** Opening DATA SHOWN block **

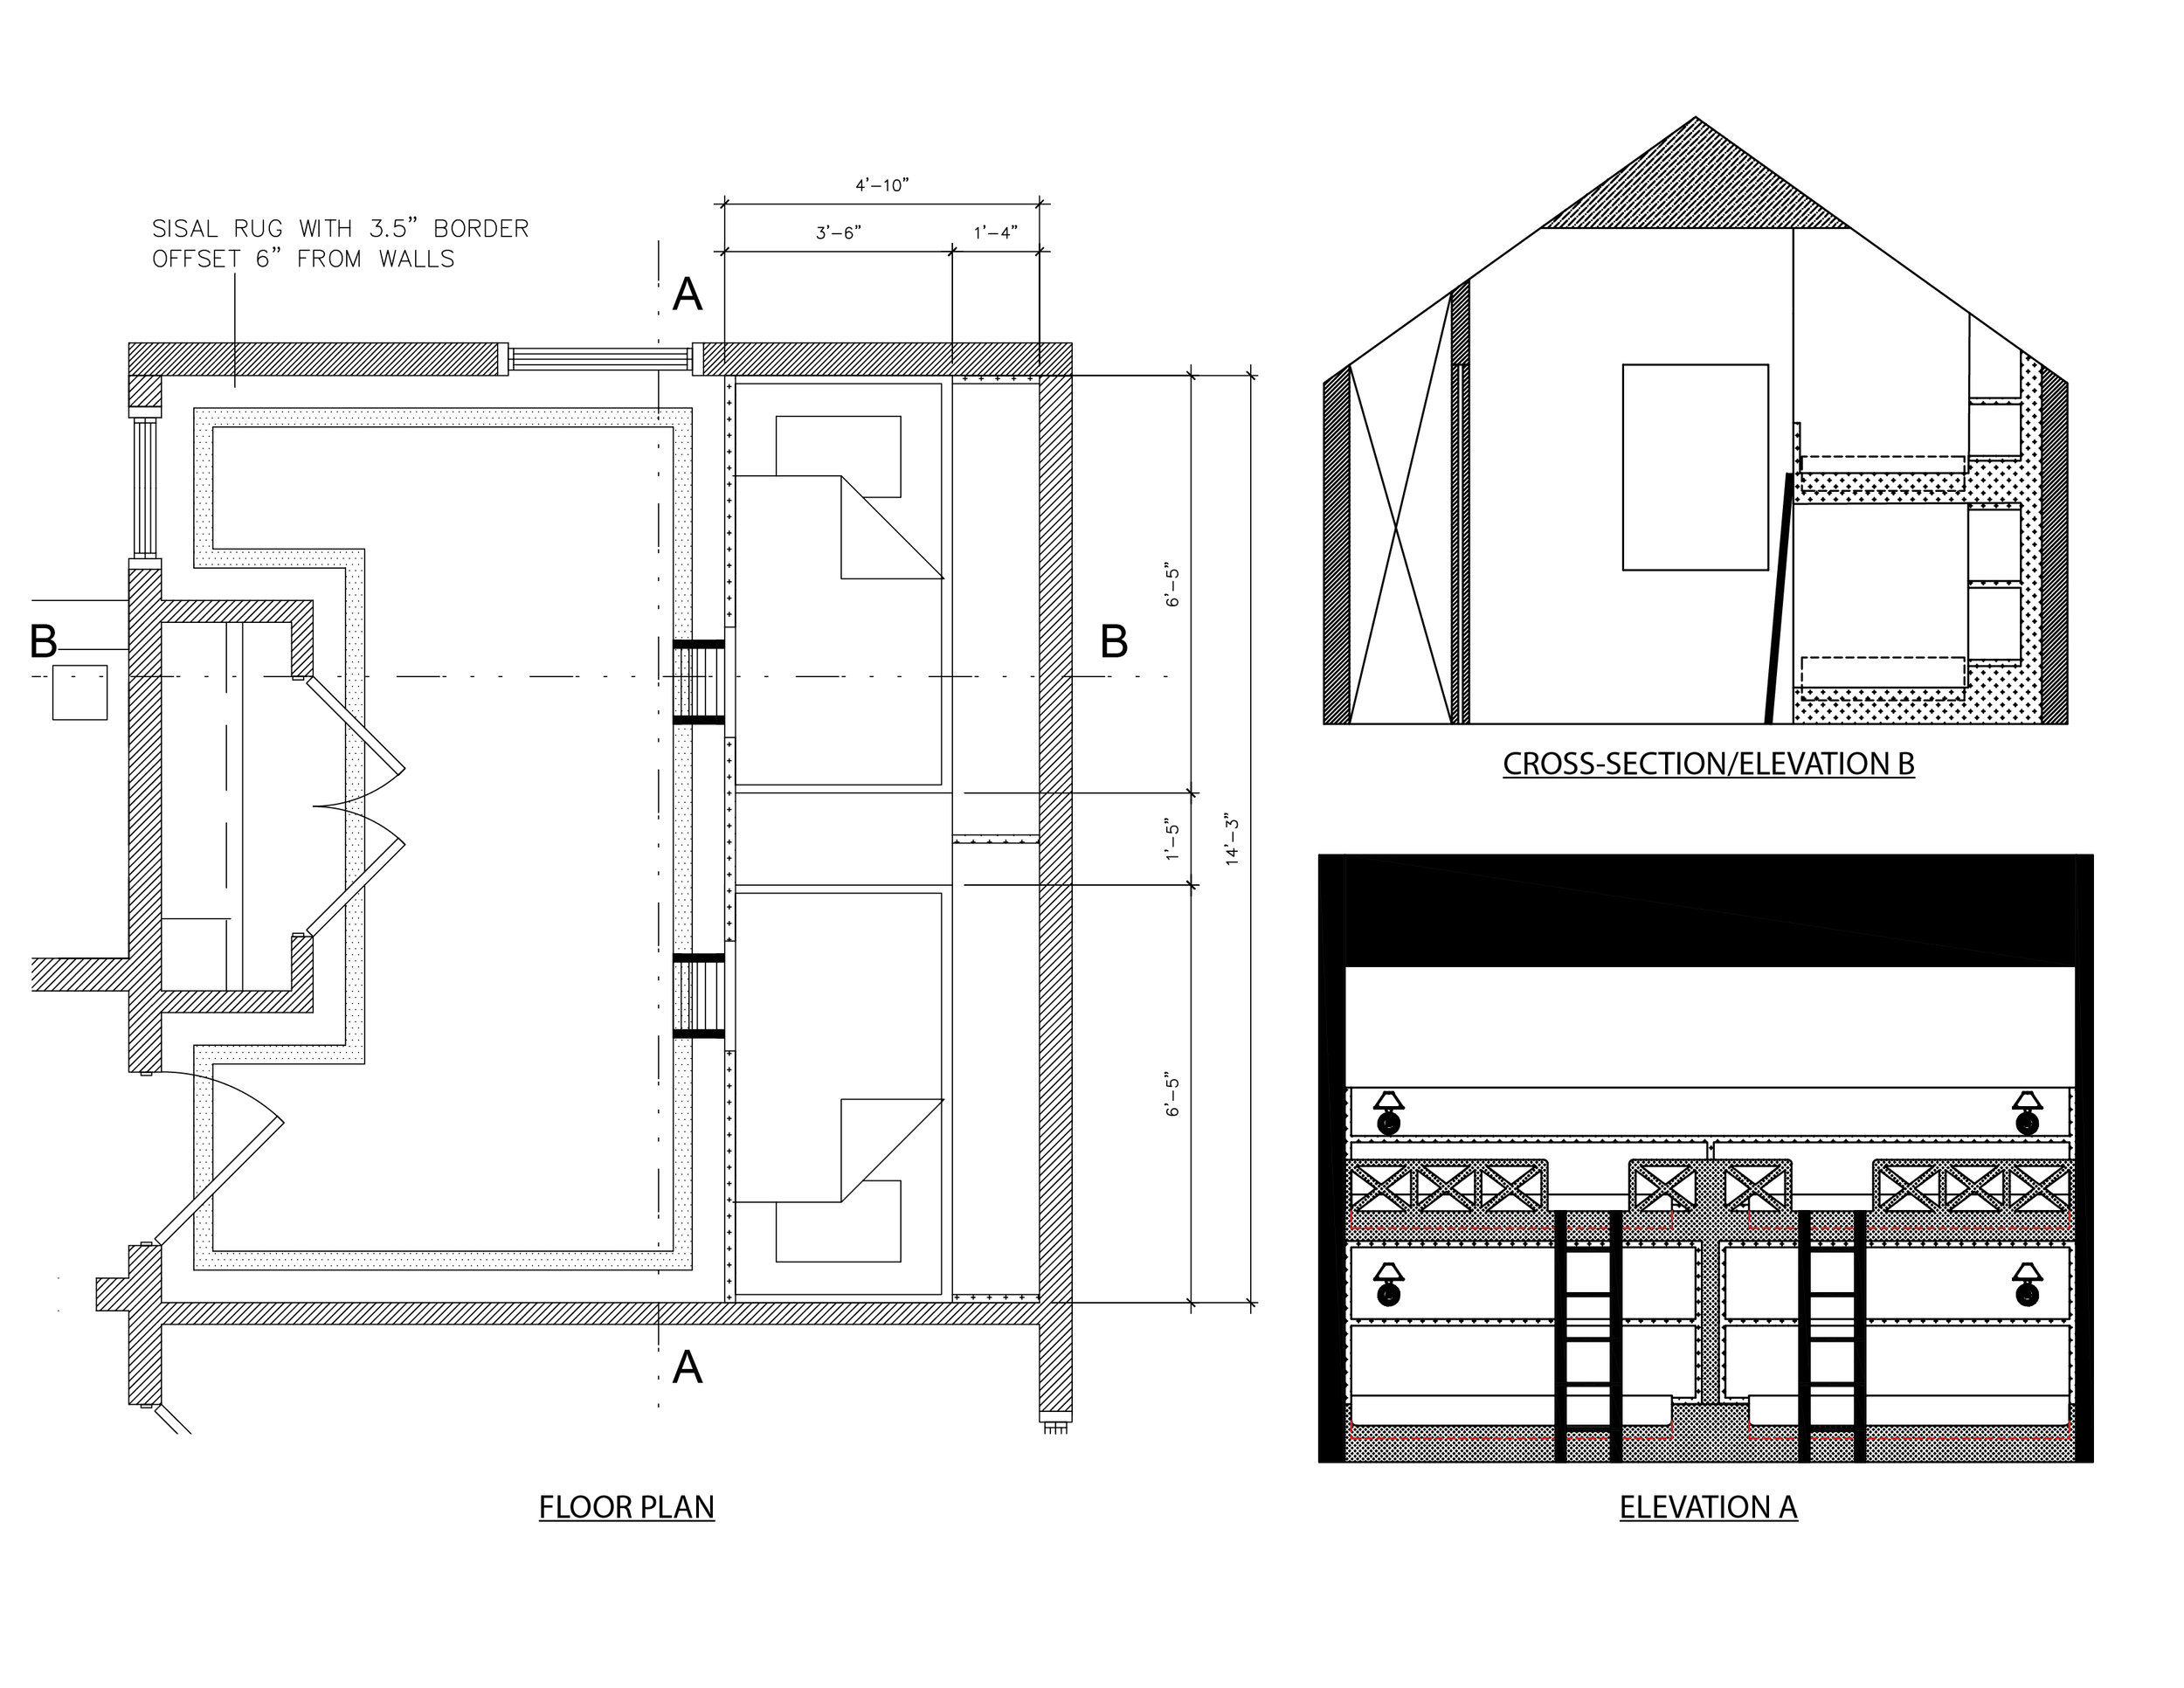 Boys' Room floor plan &amp; elevations
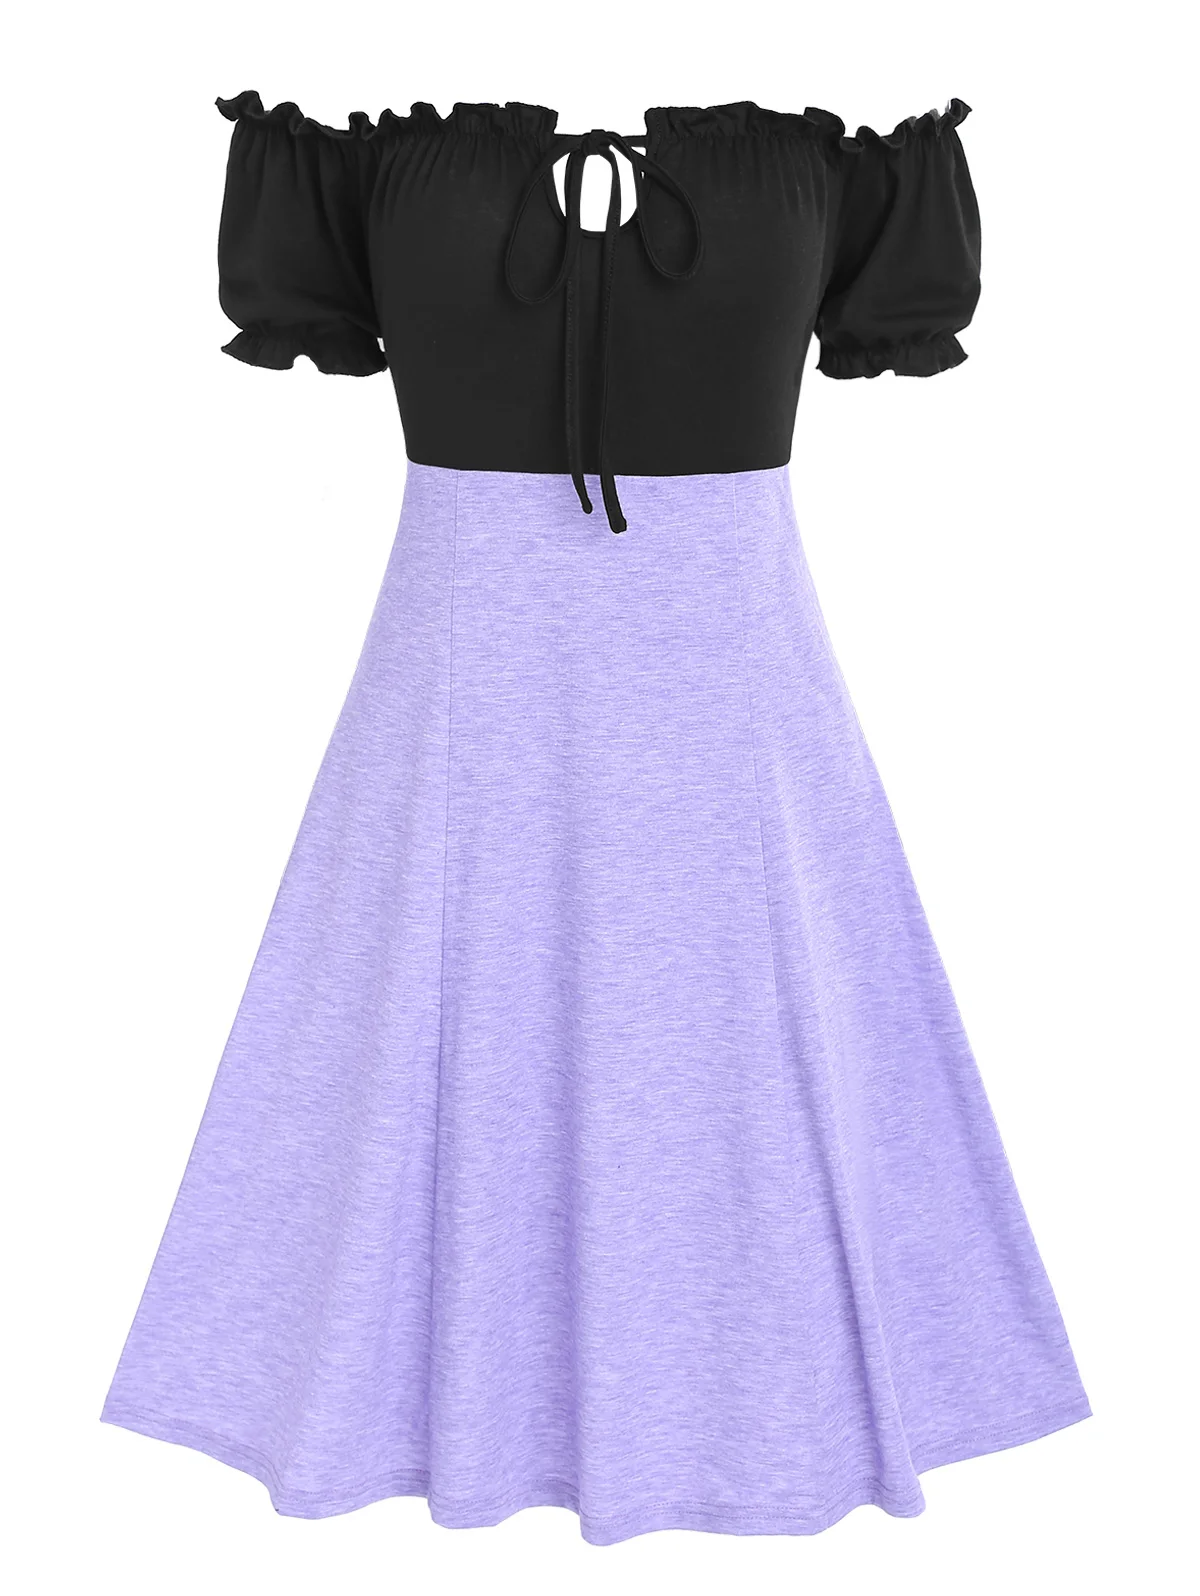 

Dressfo Dress Contrast Bicolor Colorblock Off Shoulder Puff Sleeve Frilled A Line Flare Keyhole Bardot Dress 2023
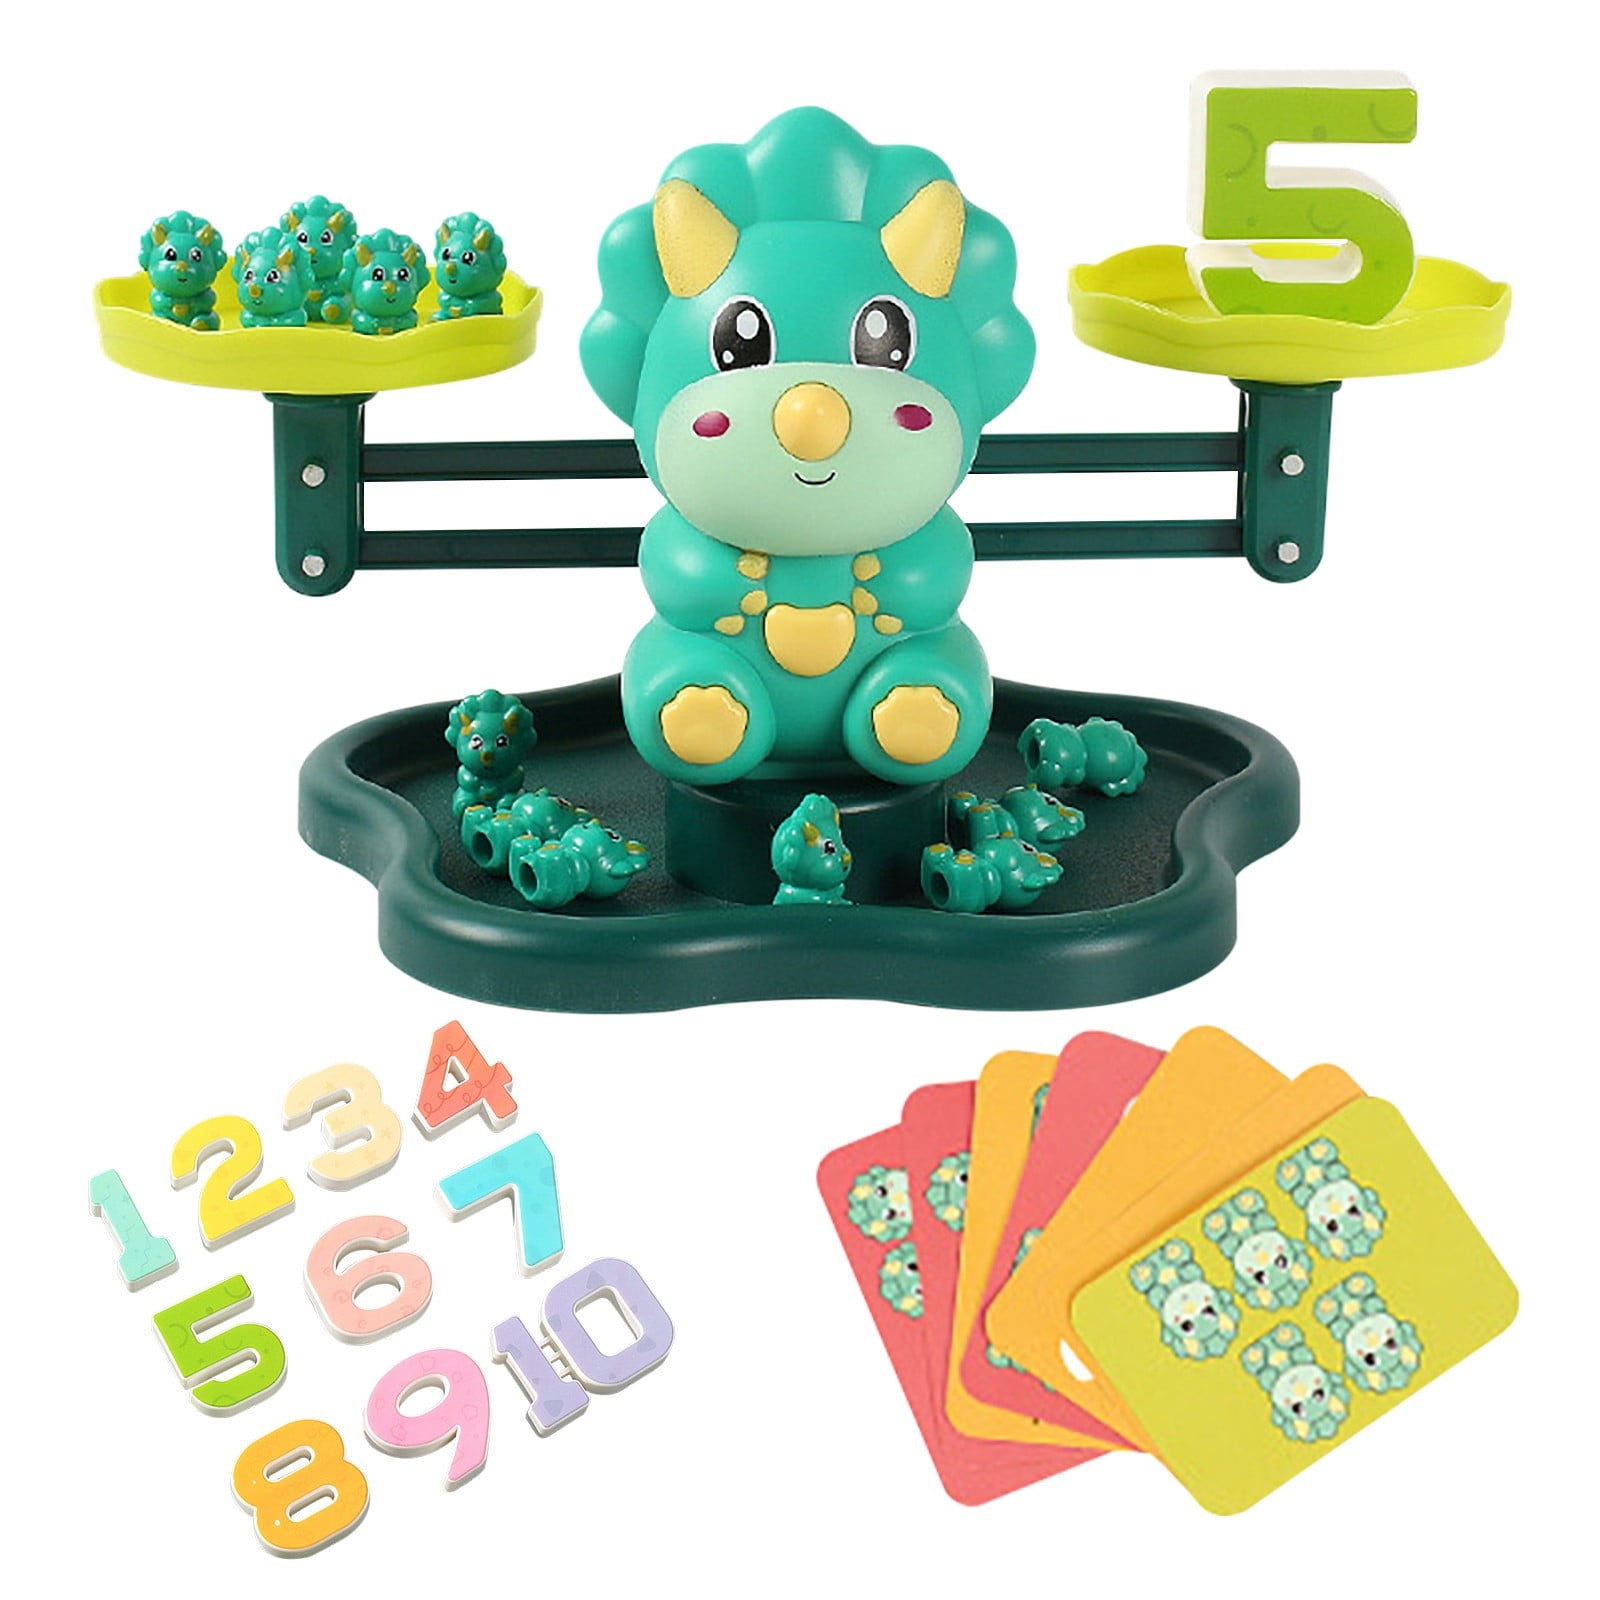 Educational Sensory Learning Toys for Children ECR4Kids Jumbo Connect-a-Cog Math Manipulatives Building Kit 240-Piece Set

** Closing DATA SHOWN block **

# WORK INSTRUCTIONS
One exact copy of the data is required, and it should hold no pictures.

# RESULT
 Boys' Room floor plan &amp; elevations

Dressfo Dress Contrast Bicolor Colorblock Off Shoulder Puff Sleeve Frilled A Line Flare Keyhole Bardot Dress 2023
 Educational Sensory Learning Toys for Children ECR4Kids Jumbo Connect-a-Cog Math Manipulatives Building Kit 240-Piece Set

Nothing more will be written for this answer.